**Dataset entries**
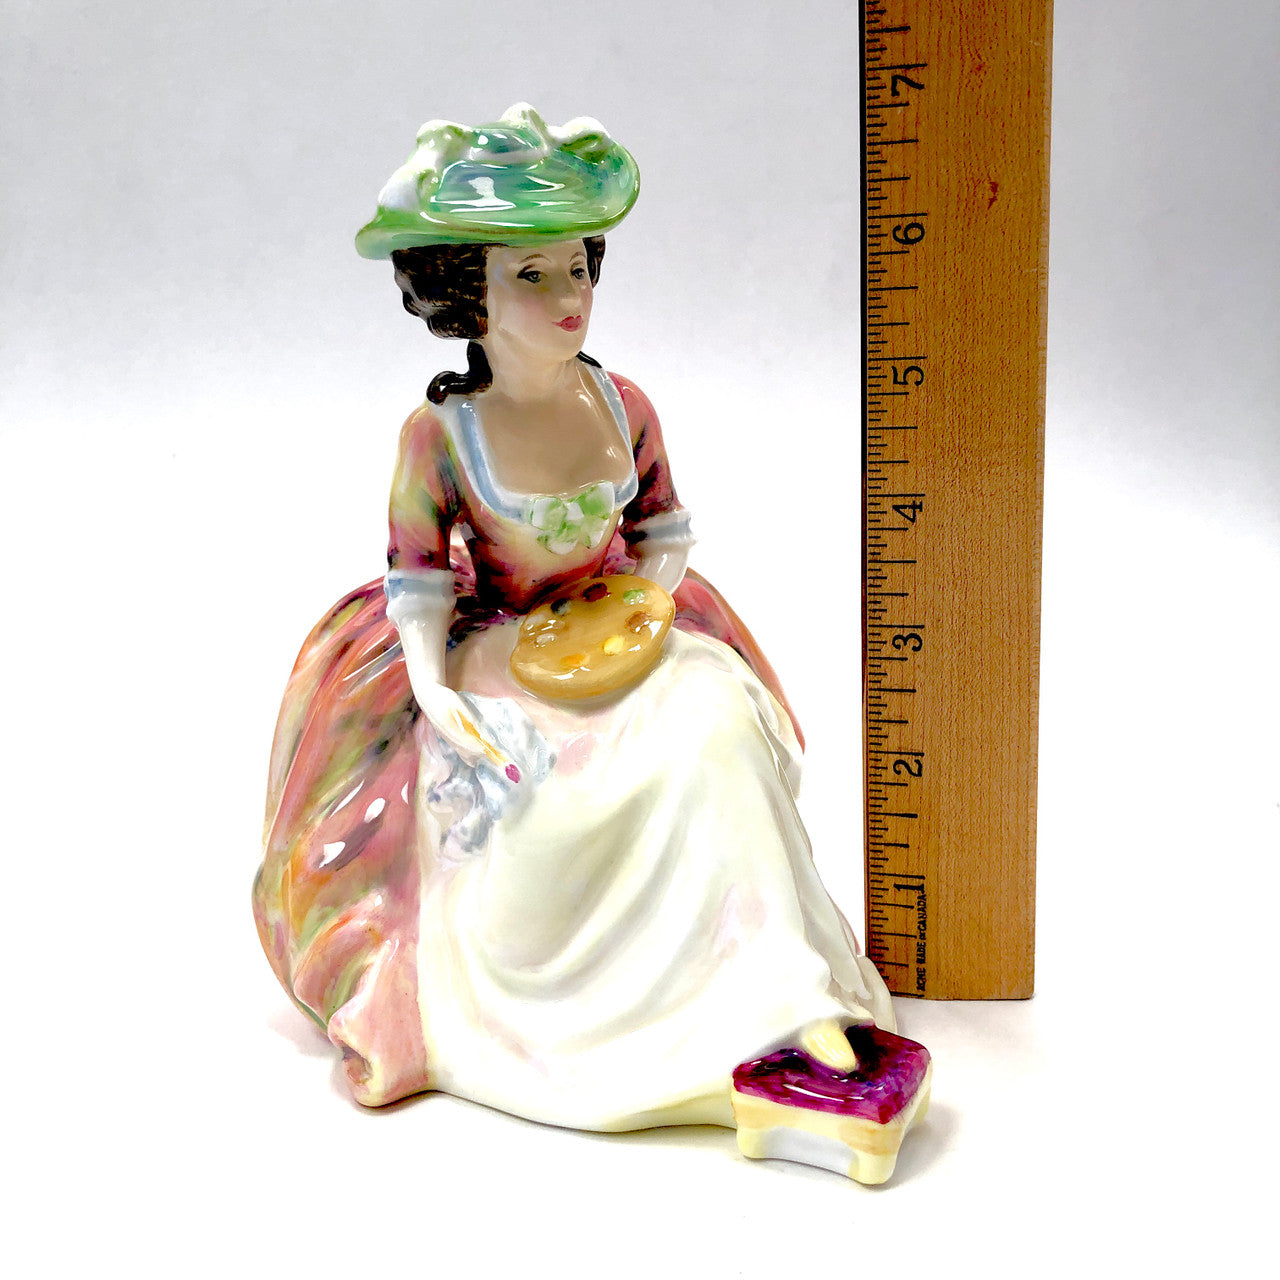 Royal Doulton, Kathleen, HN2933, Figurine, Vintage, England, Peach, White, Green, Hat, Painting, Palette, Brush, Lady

---

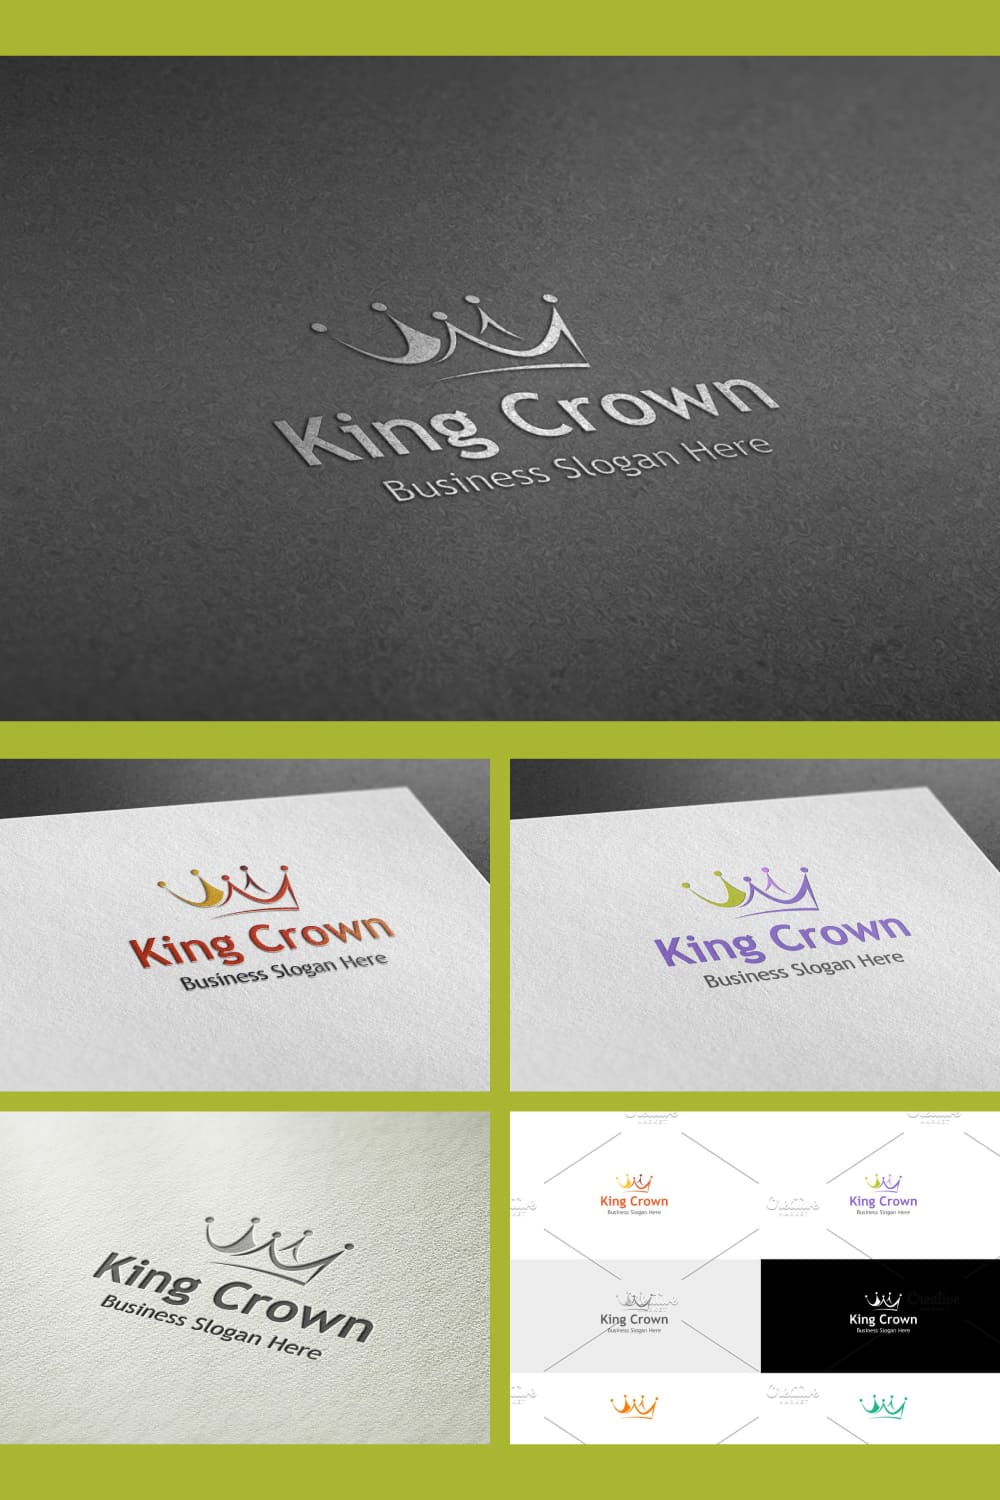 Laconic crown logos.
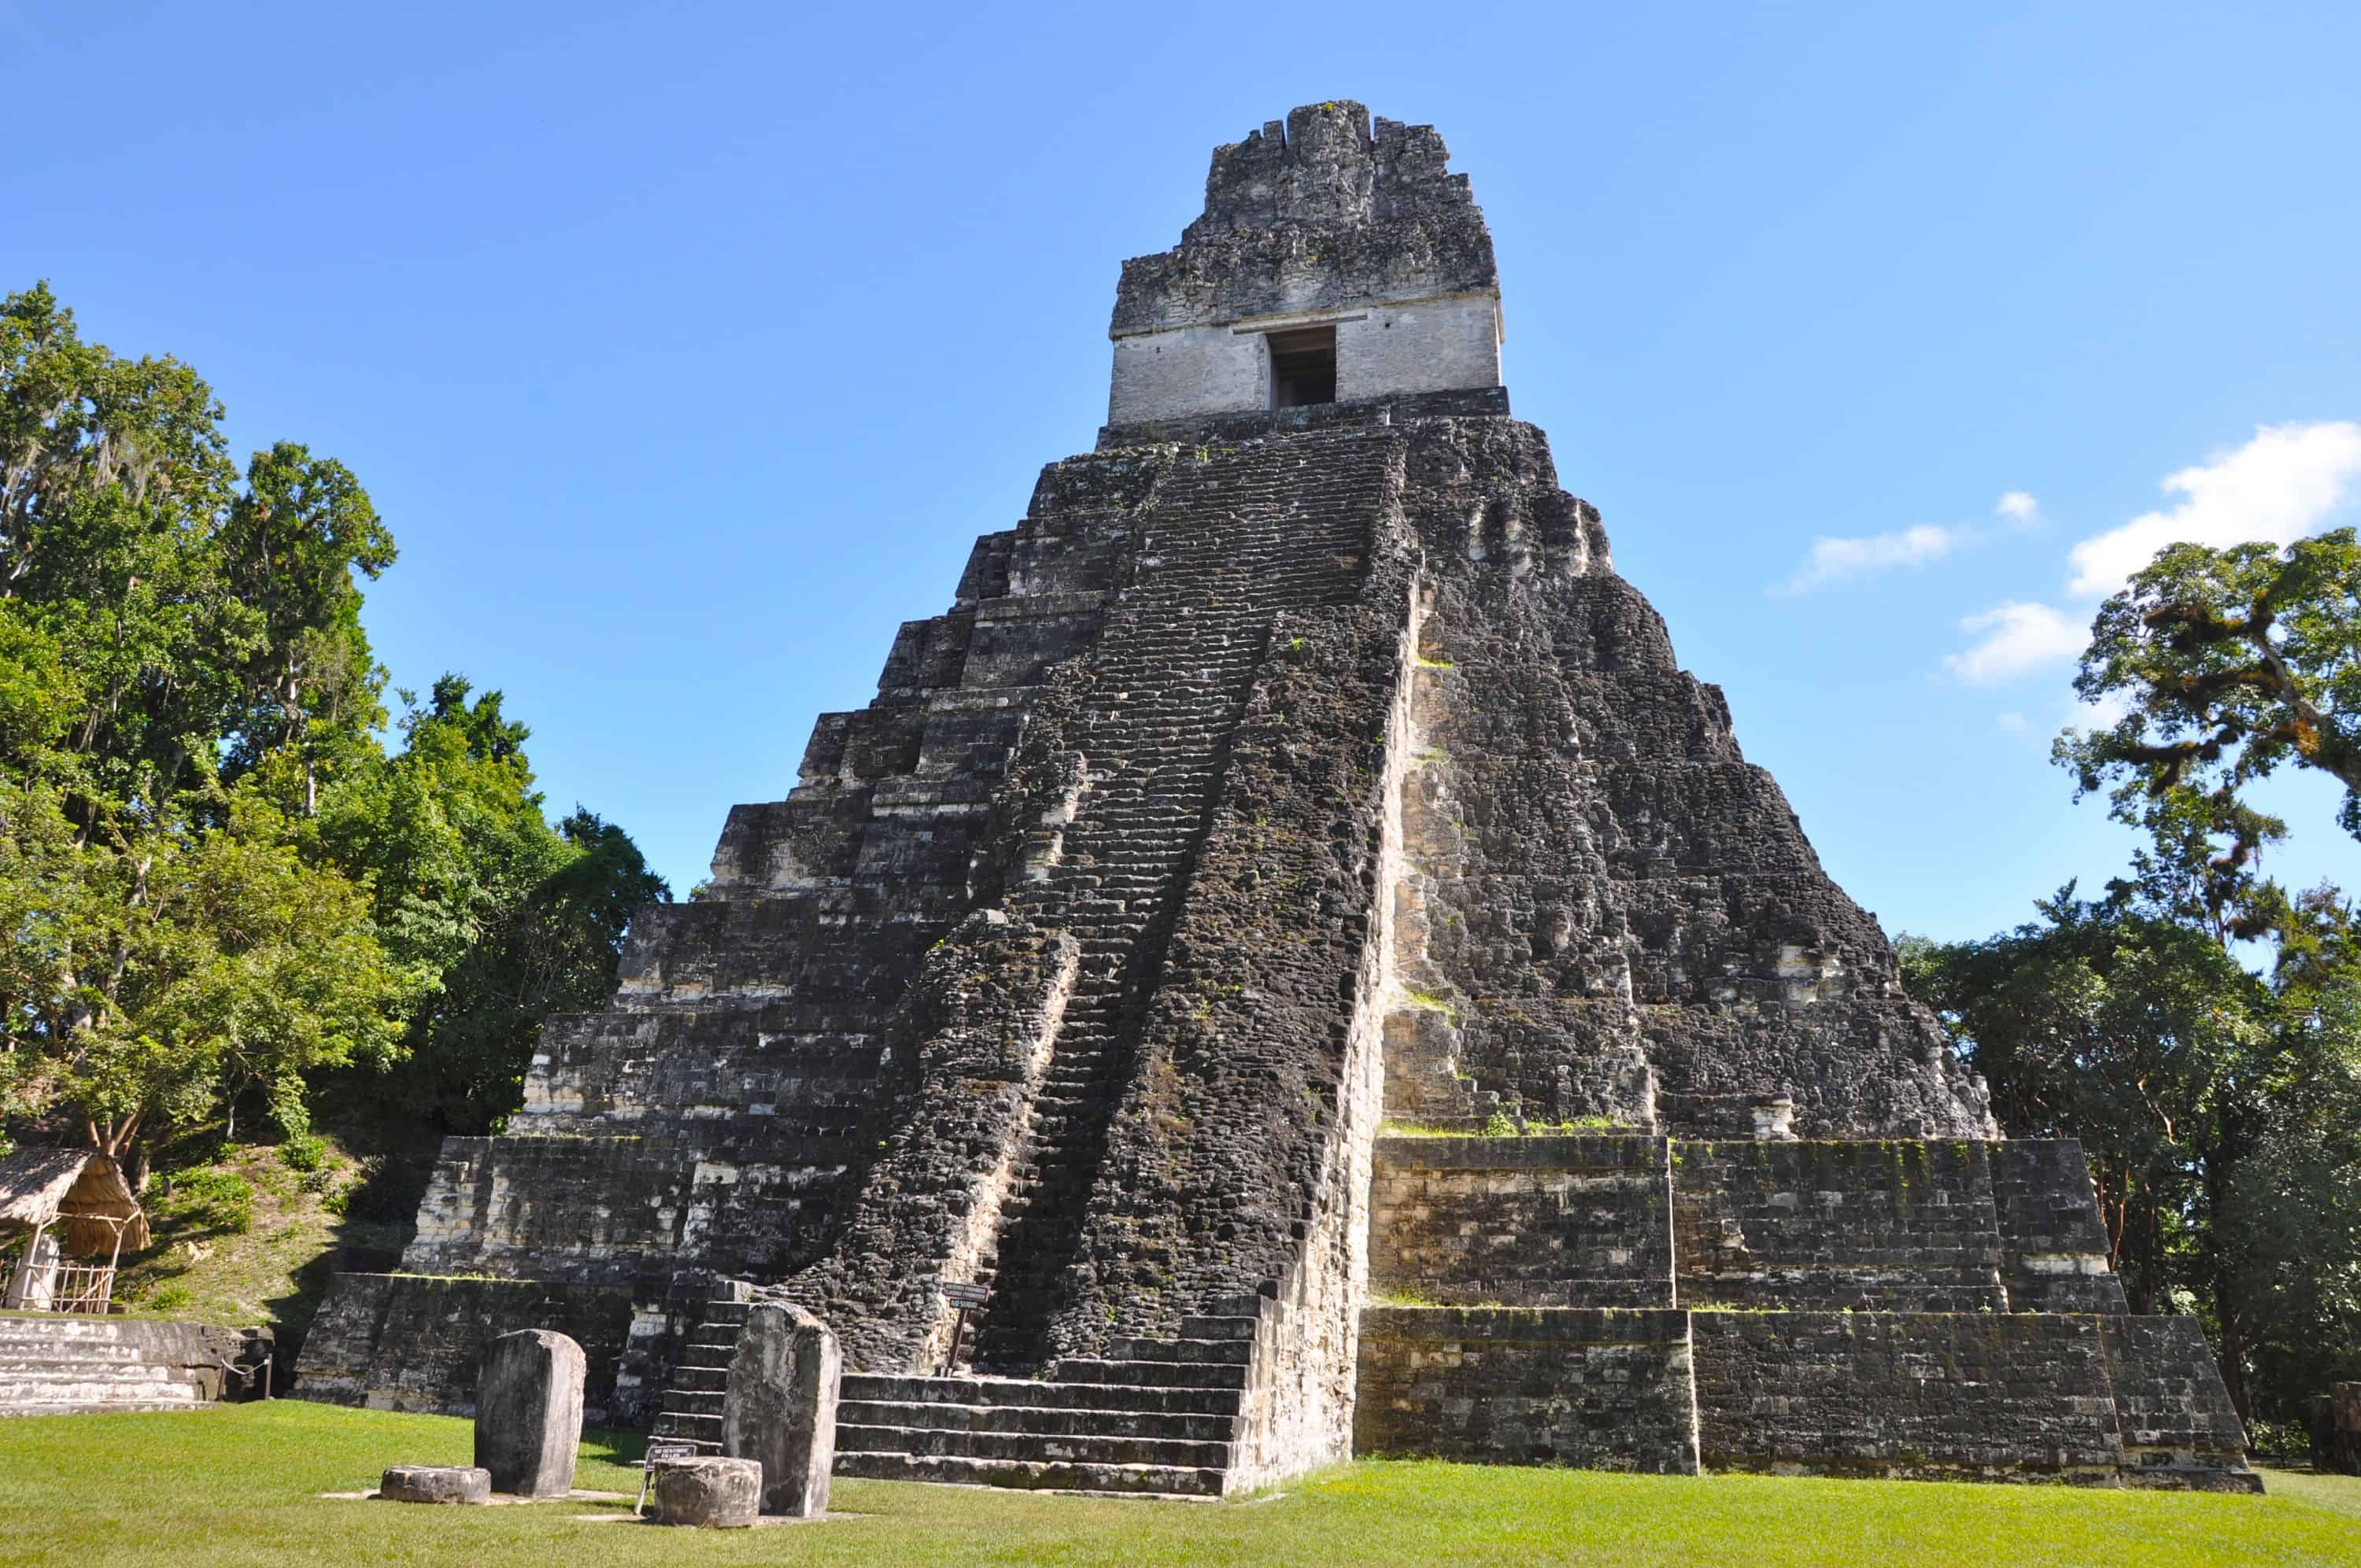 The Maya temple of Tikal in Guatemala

--

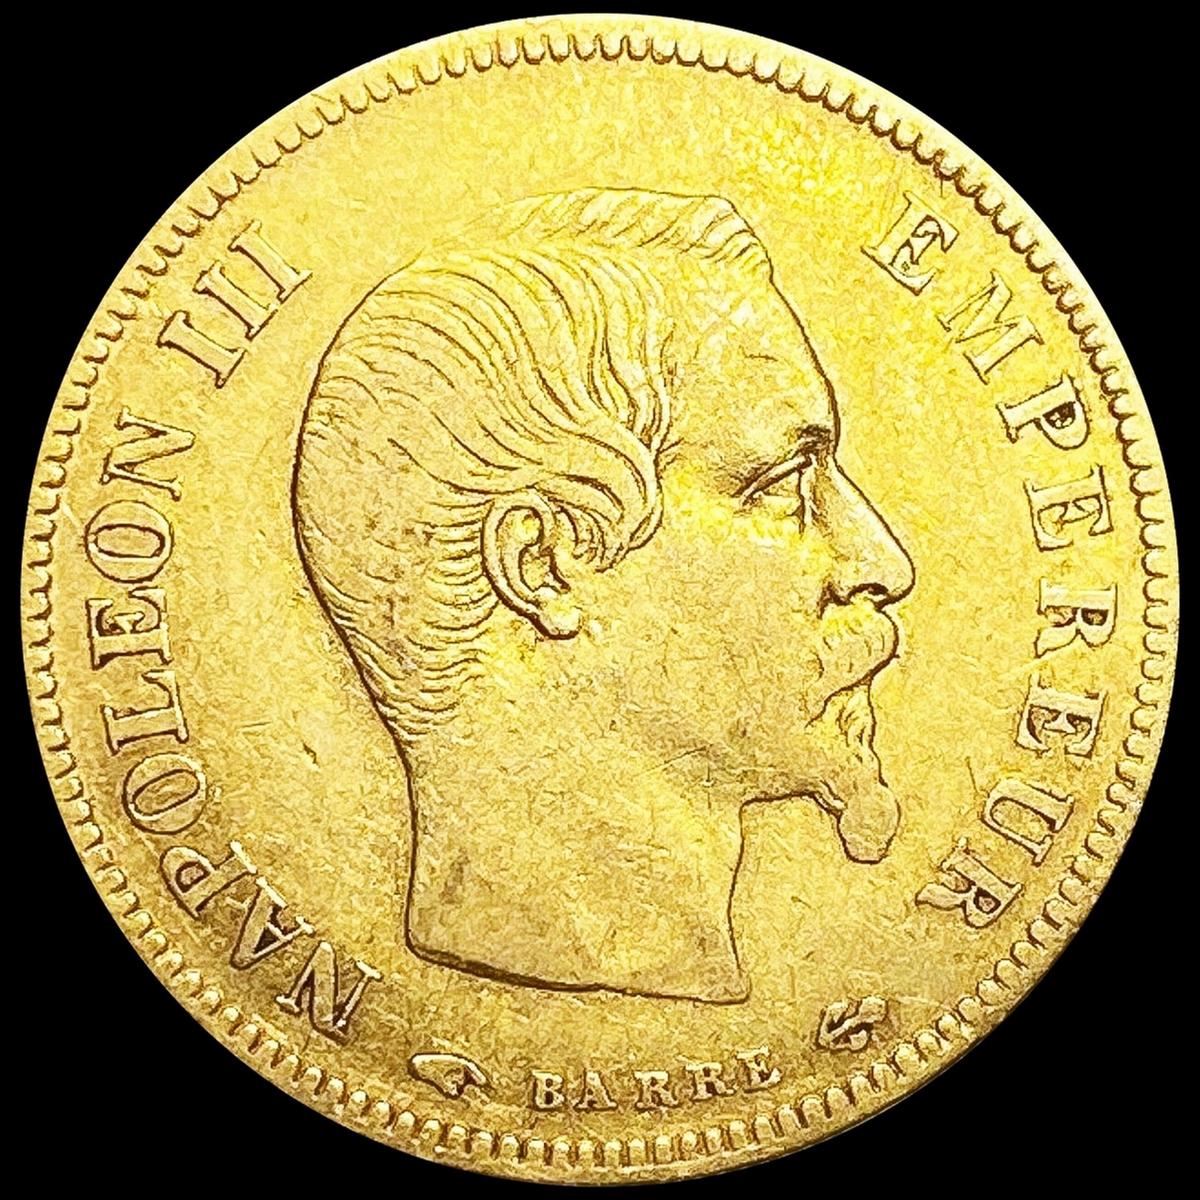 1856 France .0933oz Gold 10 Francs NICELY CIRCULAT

**Instructions for the task**
Write back word for word every line in the entries above from the one with "Laconic crown logos." to the one with "The Maya temple of Tikal in Guatemala", ends included, and none of the pictures.

**Output of the exercise**
 Laconic crown logos.
 The Maya temple of Tikal in Guatemala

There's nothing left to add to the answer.